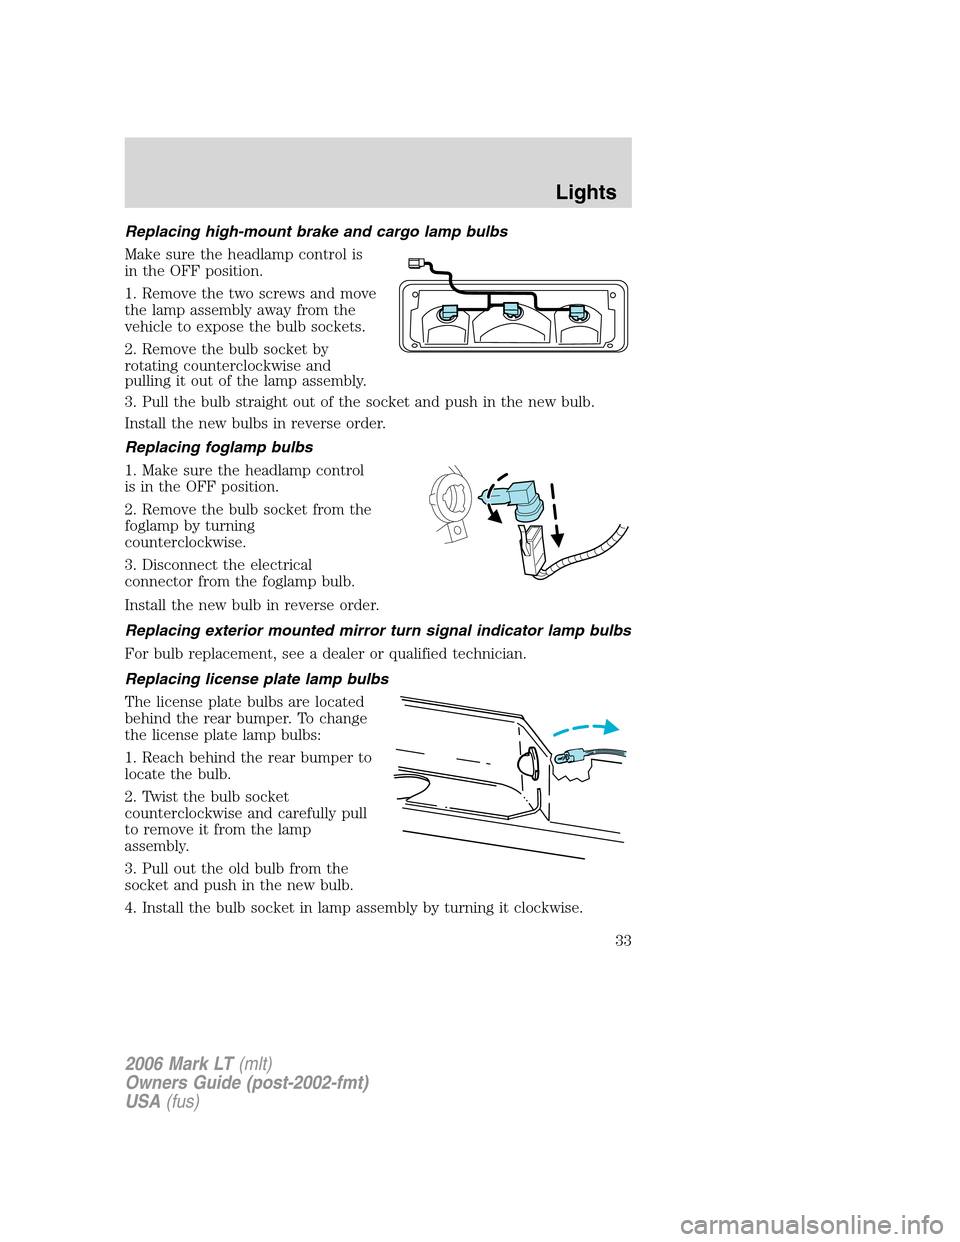 LINCOLN MARK LT 2006  Owners Manual Replacing high-mount brake and cargo lamp bulbs
Make sure the headlamp control is
in the OFF position.
1. Remove the two screws and move
the lamp assembly away from the
vehicle to expose the bulb sock

■ Your task:
What you return should be only the lines from the line containing "in the OFF position." through the end of the material above, reproduced exactly, first and last included.

■ Reply:
in the OFF position.
1. Remove the two screws and move
the lamp assembly away from the
vehicle to expose the bulb sock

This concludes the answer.